Orchestral playing is about putting your own experiences into the pot and getting something new and much bigger out of it. It is about meeting new people, being part of a team, working towards an overall goal and seeing the bigger picture; yet it is also about taking responsibility for yourself, being the best individual you can be whilst also being able to adapt and change quickly.


I remember going to Birmingham's Symphony Hall, at the age of about 14, with my parents, to see the Leipzig Gewandhausorchester with Riccardo Chailly. The concert opened with Strauss' Don Juan (see video #1). For those of you who are unfamiliar with the work, it is a tone poem based on the legend of Don Juan whose promiscuity is founded on his desire to find the perfect woman, he ultimately surrenders to melancholy and wills his own death. The piece opens with one of the trickiest passages in the orchestral repertoire; a quickly ascending flourish followed by a series of intertwining phrases before a beautiful melody begins. At this performance, I remember so clearly the precision and uniformity with which the strings played the first bar. It was like a regimented army of bows. All moving at the exact same time, at the exact same speed, in the exact same way. And yet somehow, there was still floods of unique emotion, colour and sparkle coming from each individual player.


In an orchestra of 70+ players, there must be a sense of unanimity in order for the performance to work, but at the same time, it is amazing to see what each person can contribute to the whole as an individual. Maybe one person has the most incredible vibrato, or another has the most considered bow / breath control, another has the most powerful forte, or the most beautiful piano. This special something extra is thing thing that sets the successful ones apart at audition. At audition most orchestras will ask you to perform a solo piece and some excerpts. Sometimes this will be a specific piece that all candidates must play (as a cellist, this is usually the first movement of Haydn's Cello Concerto No.2 in D major), but sometimes you can chose any piece you wish. Then you will be given some orchestral excerpts to play. These are short snippets from larger works and each excerpt poses its own set of specific challenges. There are some excerpts which are more popular than others and come round at nearly every audition for cellists these would include the second movement of Beethoven Symphony No.5 (see video #2), the start of Ein Heldenleben by Strauss and the second movement of Brahms Symphony No. 2 (see video #3).

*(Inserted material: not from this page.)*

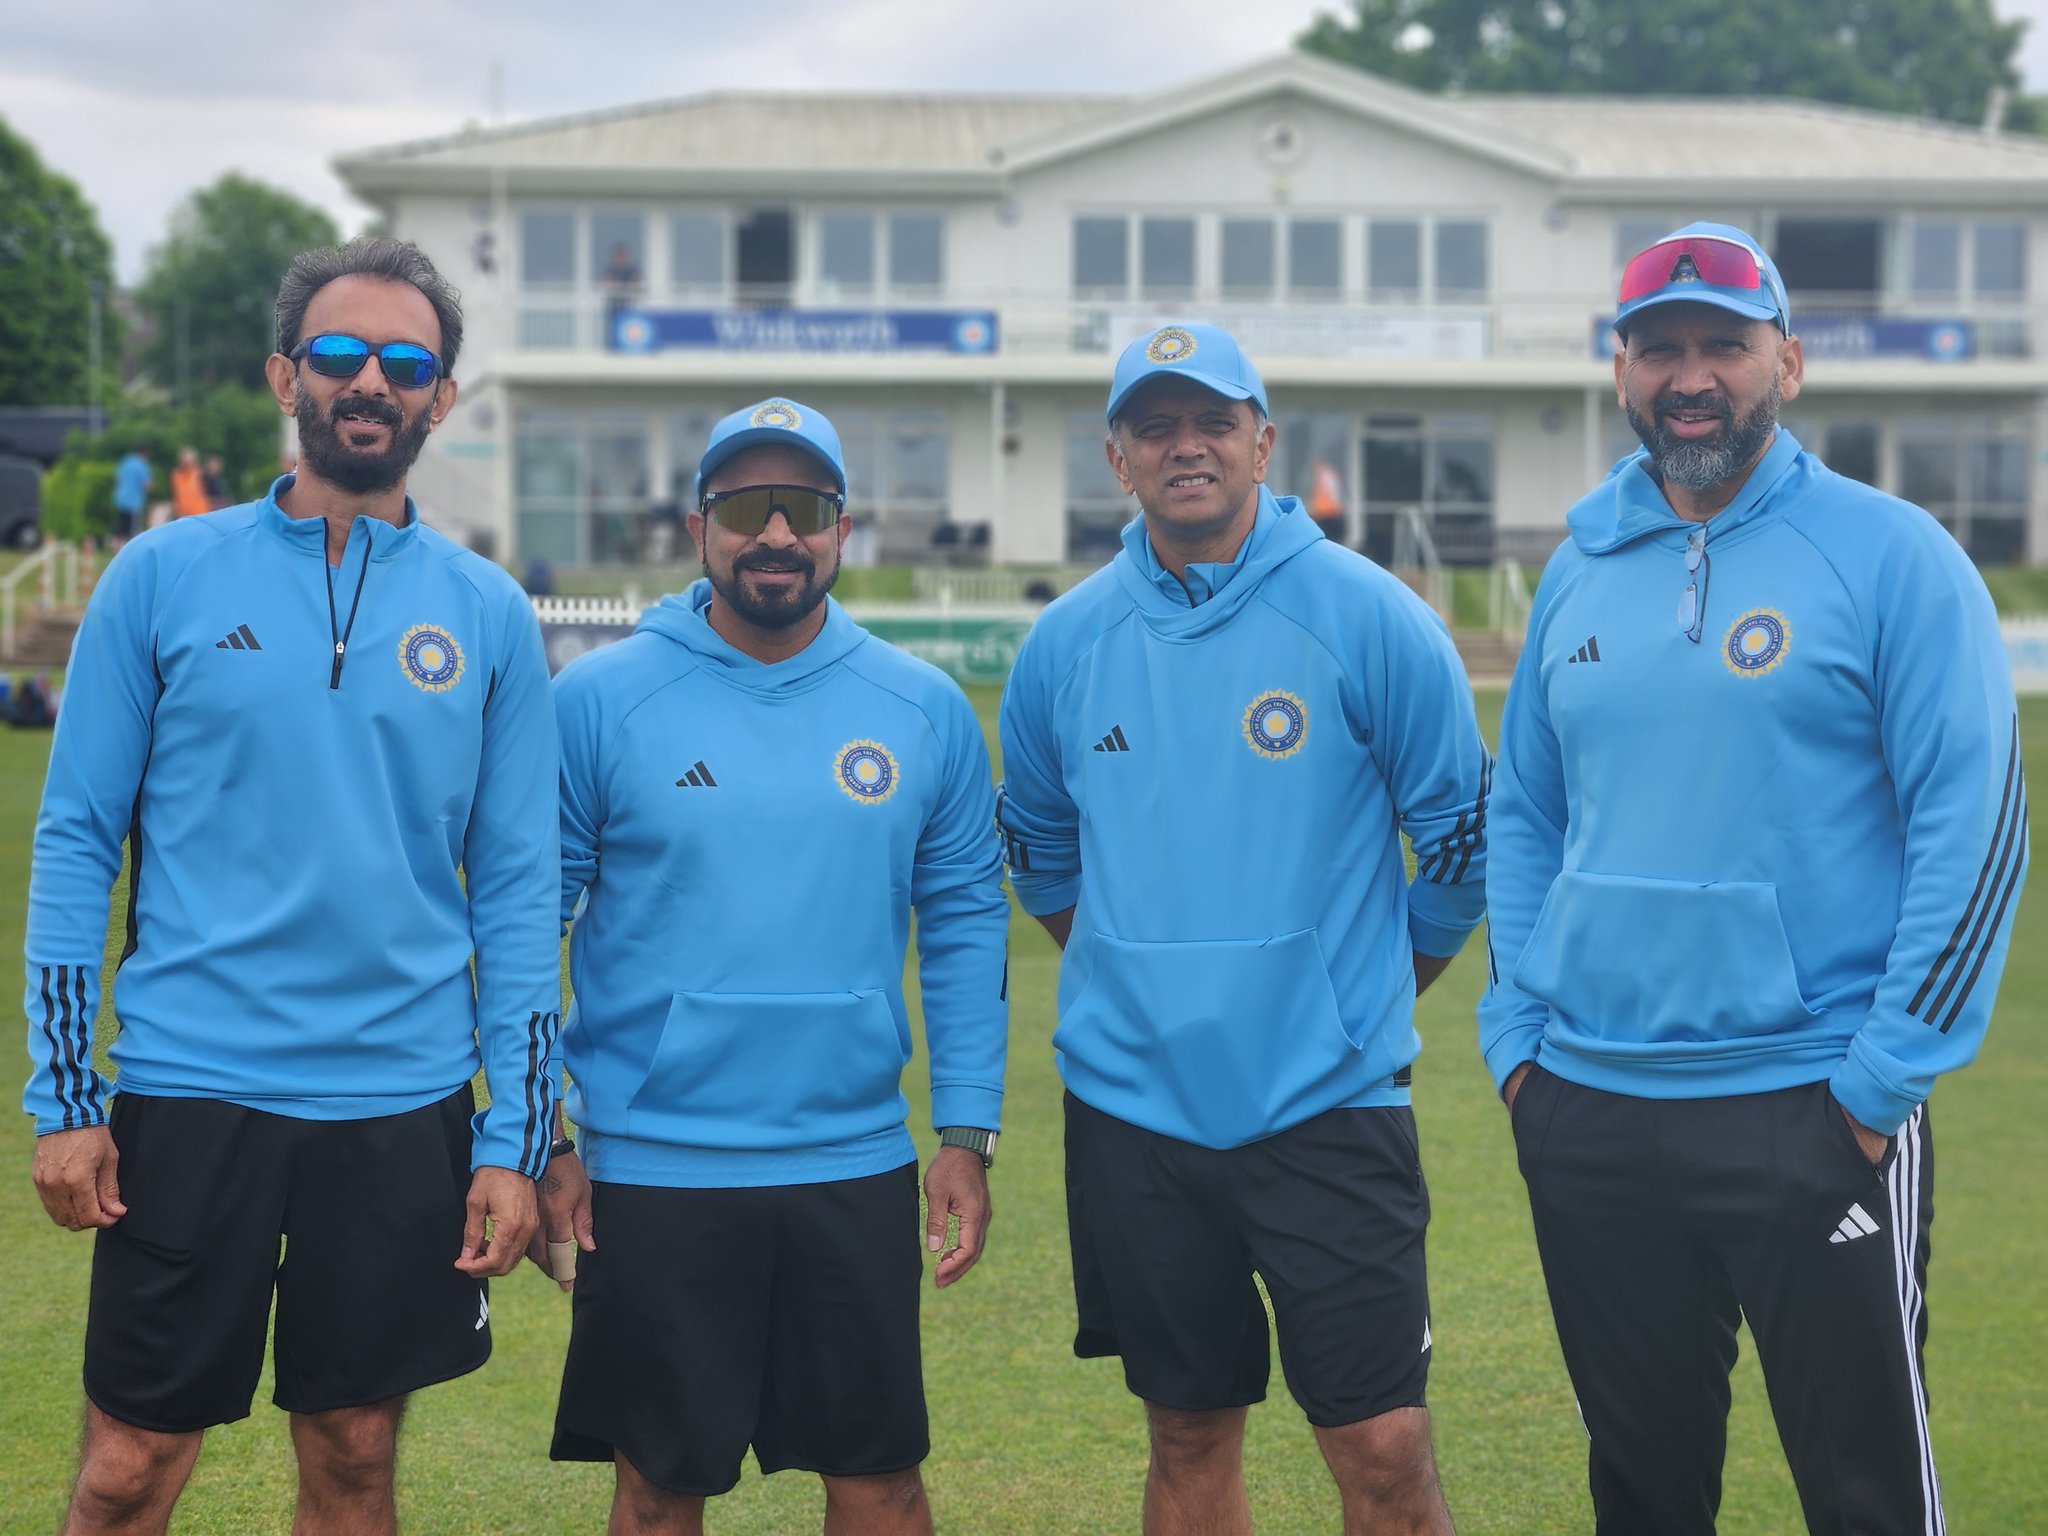 Indian Cricket Team New Jersey

But these excerpts can and do vary, particularly if you are auditioning for an opera, ballet or chamber orchestra in which case you will get excerpts from the repertoire that these orchestras usually play. Although every audition panel is looking for the same crucial attributes from every player in every excerpt, such as good intonation, sense of rhythm, technical control and musicality; I always aim to bring something extra special to each excerpt. For example, in our classic cello excerpt that is Beethoven's Symphony No. 5, whilst we must always maintain good intonation etc, the specific challenge here is a smooth bow control. Although achieving this is commendable, in the highly competitive world of auditions it is crucial to go even beyond this. In most situations I aim to do this by focussing on producing my best sound, and then exploring how I can develop and change the colour of this sound as the musical mood changes, whilst ensuring that I am still following every direction that is on the page. This juxtaposition of the need for unity versus the need for individuality is something that fascinates me about challenge of successful orchestral playing.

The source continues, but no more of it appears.